MATERIAL FOR THIS EXERCISE Block Start
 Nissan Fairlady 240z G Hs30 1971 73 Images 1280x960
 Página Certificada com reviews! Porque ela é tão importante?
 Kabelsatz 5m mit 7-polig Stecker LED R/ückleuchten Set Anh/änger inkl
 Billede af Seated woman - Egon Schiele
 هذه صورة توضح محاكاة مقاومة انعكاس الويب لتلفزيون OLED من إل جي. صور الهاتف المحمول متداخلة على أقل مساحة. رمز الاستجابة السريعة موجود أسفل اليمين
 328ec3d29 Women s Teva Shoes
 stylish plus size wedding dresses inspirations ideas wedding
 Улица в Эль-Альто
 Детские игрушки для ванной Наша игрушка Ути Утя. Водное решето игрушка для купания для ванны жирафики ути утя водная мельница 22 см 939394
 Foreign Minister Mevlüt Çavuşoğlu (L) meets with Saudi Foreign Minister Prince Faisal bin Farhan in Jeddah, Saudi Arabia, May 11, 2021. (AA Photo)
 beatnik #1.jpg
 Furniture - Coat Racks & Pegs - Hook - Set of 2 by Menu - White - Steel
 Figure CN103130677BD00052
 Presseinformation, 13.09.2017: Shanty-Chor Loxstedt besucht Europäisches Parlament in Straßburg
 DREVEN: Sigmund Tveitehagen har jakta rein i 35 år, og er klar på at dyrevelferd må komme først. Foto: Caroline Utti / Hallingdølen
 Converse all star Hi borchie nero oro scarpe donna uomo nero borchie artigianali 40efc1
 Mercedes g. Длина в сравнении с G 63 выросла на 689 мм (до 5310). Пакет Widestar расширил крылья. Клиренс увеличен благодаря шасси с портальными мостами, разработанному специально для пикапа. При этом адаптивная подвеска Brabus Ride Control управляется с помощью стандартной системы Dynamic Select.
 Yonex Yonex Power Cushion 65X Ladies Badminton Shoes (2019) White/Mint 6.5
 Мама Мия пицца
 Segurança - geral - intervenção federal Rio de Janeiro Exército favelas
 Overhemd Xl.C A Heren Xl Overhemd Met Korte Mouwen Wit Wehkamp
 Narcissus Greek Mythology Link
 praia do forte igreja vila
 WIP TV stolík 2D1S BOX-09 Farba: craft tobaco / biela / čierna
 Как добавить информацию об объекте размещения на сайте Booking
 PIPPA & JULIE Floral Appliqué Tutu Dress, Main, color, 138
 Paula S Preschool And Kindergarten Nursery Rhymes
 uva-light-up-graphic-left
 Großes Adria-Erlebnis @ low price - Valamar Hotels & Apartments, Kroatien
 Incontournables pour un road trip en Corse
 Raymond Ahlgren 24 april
MATERIAL FOR THIS EXERCISE Block End
#### ASSIGNED TASK:
For every line above that includes the string "White", copy the line.

#### EXERCISE RESPONSE:
 Furniture - Coat Racks & Pegs - Hook - Set of 2 by Menu - White - Steel
 Yonex Yonex Power Cushion 65X Ladies Badminton Shoes (2019) White/Mint 6.5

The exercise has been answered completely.